Date: 22/08/04 20:54 GMT Daylight Time
Message-id:

"Grant Erwin" wrote in message
...
I'm no shutterbug. I'm using a digital camera that cost about $200. It
isn't a fancy Nikon which allows you to swap lenses or anything remotely
like that. Still, it ought to be able to take a closeup of something
about the size of a golf ball. I simply can't make it shoot anything

clear.
It has a zoom button. It has "macro mode". It has autofocus, and I know
about putting something like a playing card at the right distance and
holding the button halfway down to hold the autofocus and then shooting
the object. I get pictures that are semi-usable but nothing at all that
can really be said to be in focus. I believe I've tried all 4 permutations
of zoom and macro mode.

Is it me, or the camera? If me, what should I do differently? If it's the
camera, what other camera works better?

BTW, what I'm shooting are details of my die filer for the die filer Web
page I'm building. I know there is probably a more specifically correct NG
but I'm real used to this one and we have many knowledgeable regulars.

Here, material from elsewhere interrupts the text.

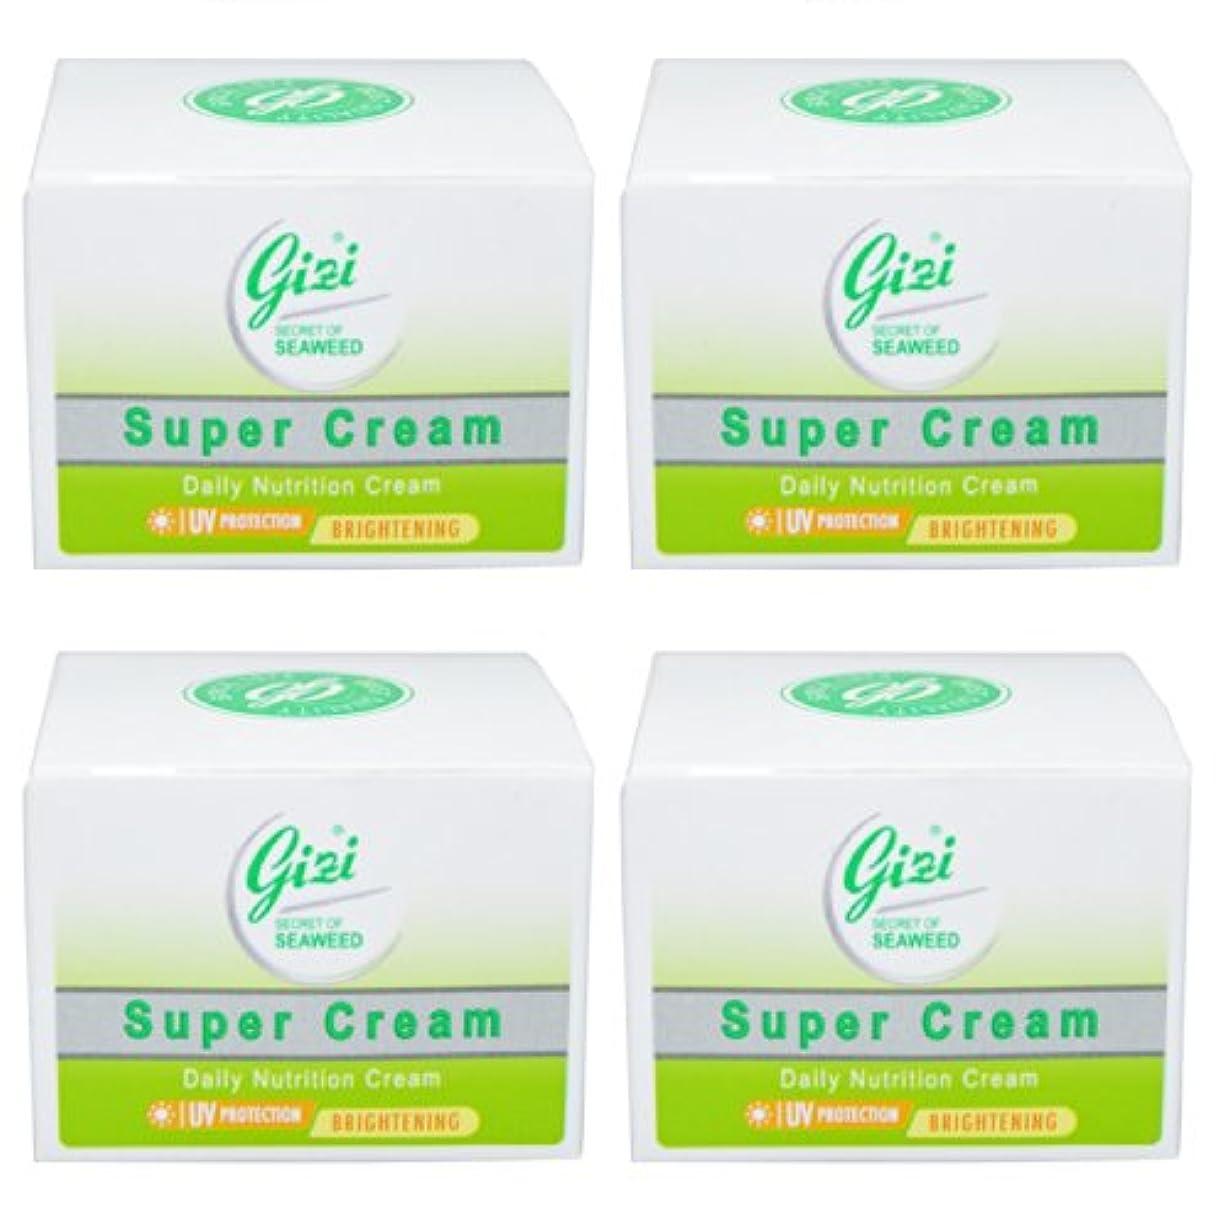 行その間安全でないGIZI Super Cream(ギジ スーパークリーム)フェイスクリーム9g 4個セット[並行輸入品][海外直送品]
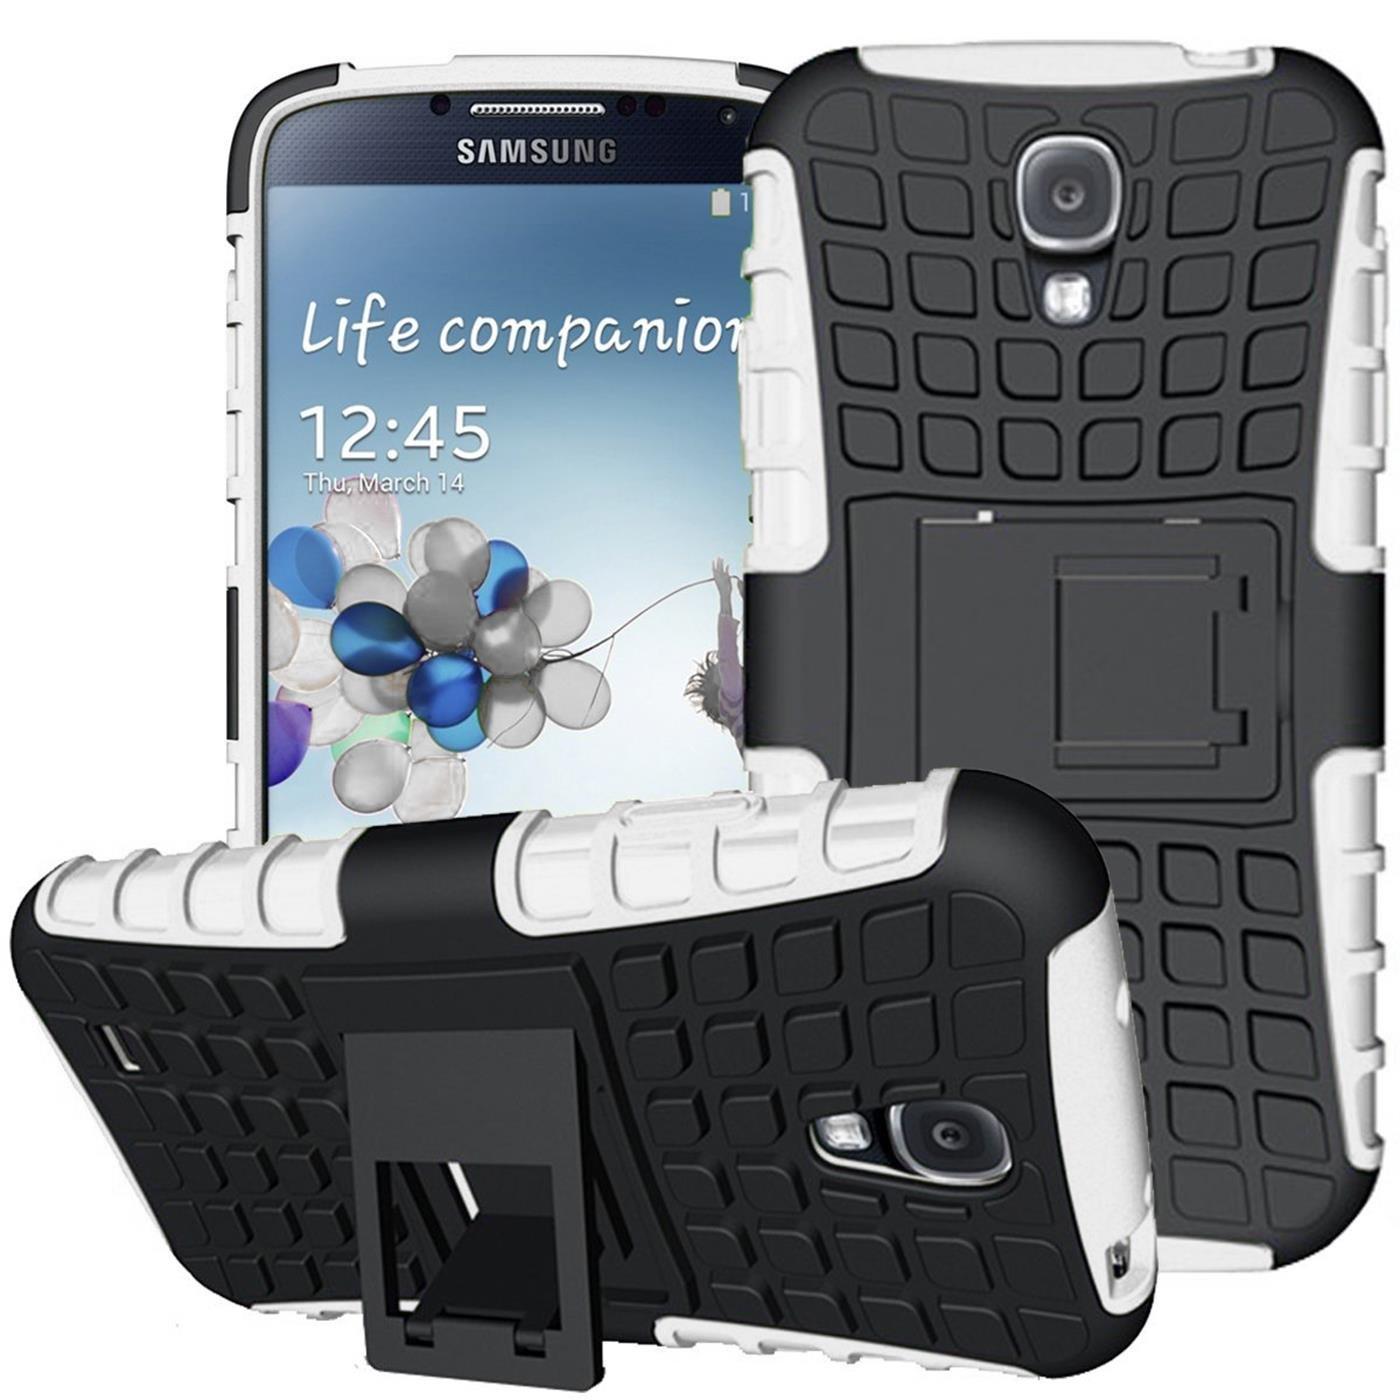 Conie Outdoor Hülle kompatibel mit Samsung Galaxy S4 Mini, verstärkte Schutzhülle Rutschfest wasserabweisend Kantenschutz Rückschale Case in Weiß

I use a Fuji FinePix 2400Zoom which I bought a few years ago; it wasn't
expensive. The macro facility on that works very well - I often use it for
photographing PCBs for my web site.


I have the Finepix 1400 Zoom and everything on that works great too. I don't
use it much these days but I did try the macro facility when I first got it and
it had no problem with focus. I suspect the problem is the OP's camera. Maybe a
fault with that particular one or maybe it's not a highly regarded model.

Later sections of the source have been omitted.